# Mass FE Exam Results



## DRusso47 (May 17, 2011)

Why are many people recieving their results so soon compared to other states. I took my exam in Mass so could one state take much longer than others or are they are relatively close in the timing of giving results?


----------



## adamgram (May 17, 2011)

DRusso47 said:


> Why are many people recieving their results so soon compared to other states. I took my exam in Mass so could one state take much longer than others or are they are relatively close in the timing of giving results?


I don't believe so. My results came from NCEES, not the state. They let the test takers know the same time they let the states know, whenever my state finishes their paperwork they will send me the official letter. Check the email address that you gave to them and there should be an email from NCEES, or log in to the NCEES website and check your results, they should be there.


----------



## soma (May 18, 2011)

DRusso47 said:


> Why are many people recieving their results so soon compared to other states. I took my exam in Mass so could one state take much longer than others or are they are relatively close in the timing of giving results?

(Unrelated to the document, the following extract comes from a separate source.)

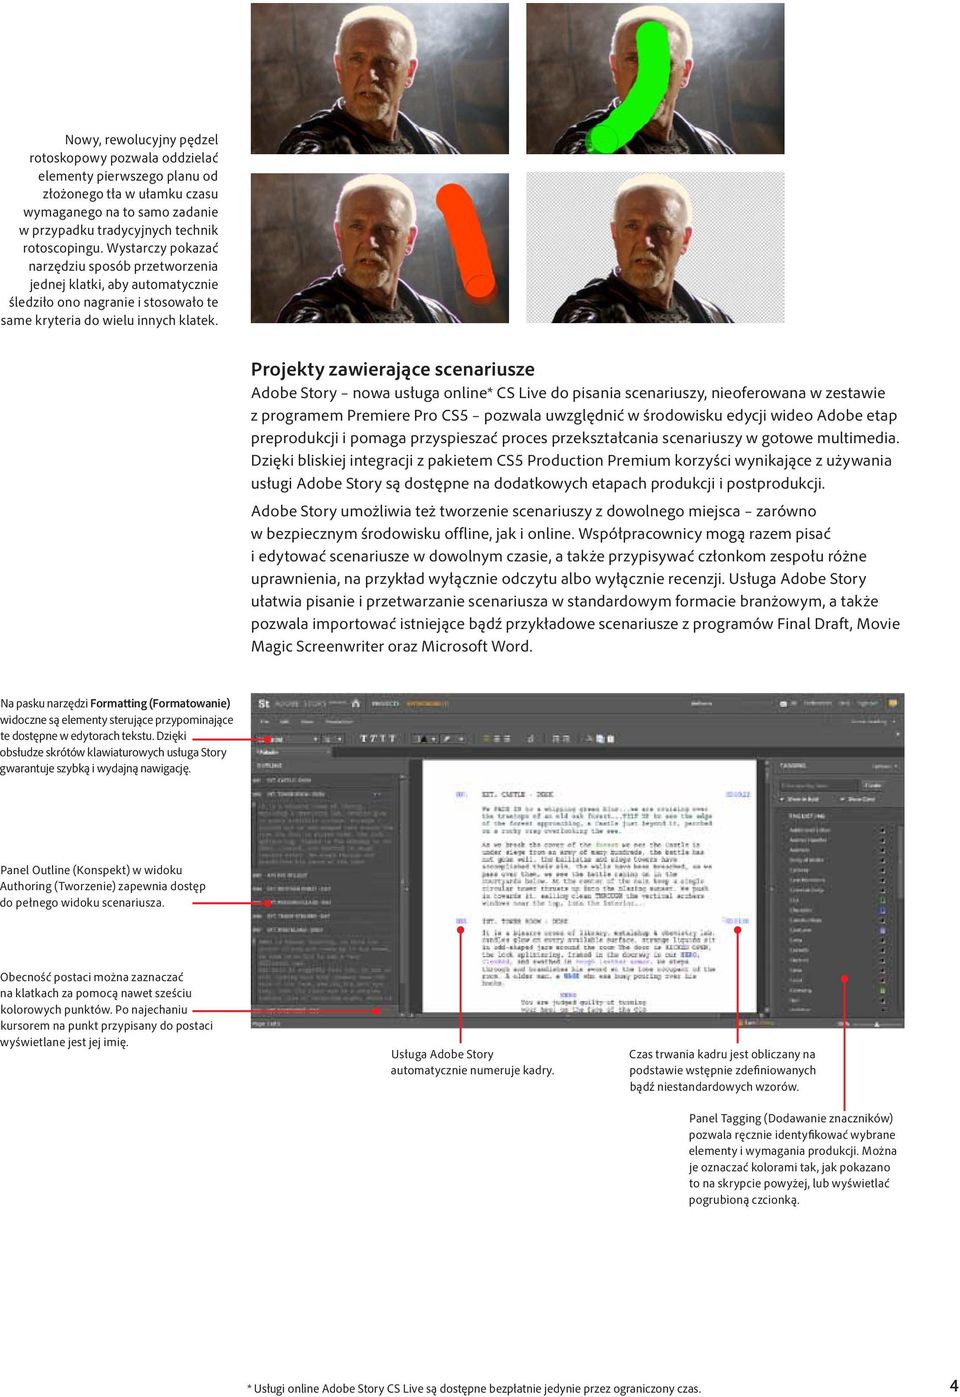 Projekty zawierające scenariusze Adobe Story nowa usługa online* CS Live do pisania scenariuszy, nieoferowana w zestawie z programem Premiere Pro CS5 pozwala uwzględnić w środowisku edycji wideo

I called PCS today. They said they do not release the results to the candidates before they get approved by them and it takes at least 10 weeks after the exam date for them to release. So I guess we have to wait little longer than other states. Not sure if we can still get the results by e-mail notification or regular mail. Has anyone received their results for FE by e-mail before ?


----------



## checkmates98 (May 20, 2011)

Well here is something about Massachusetts:

http://www.ncees.org/Exams/States/MA.php

_Results_

When results have been released (typically 8–10 weeks after the exam) and validated, NCEES will send an e-mail informing you that your result can be accessed through your My NCEES account. The Massachusetts board will notify you of any state-specific exam results.

So the soonest we could see our results is June 4.

Vamos MA. Get with the program.


----------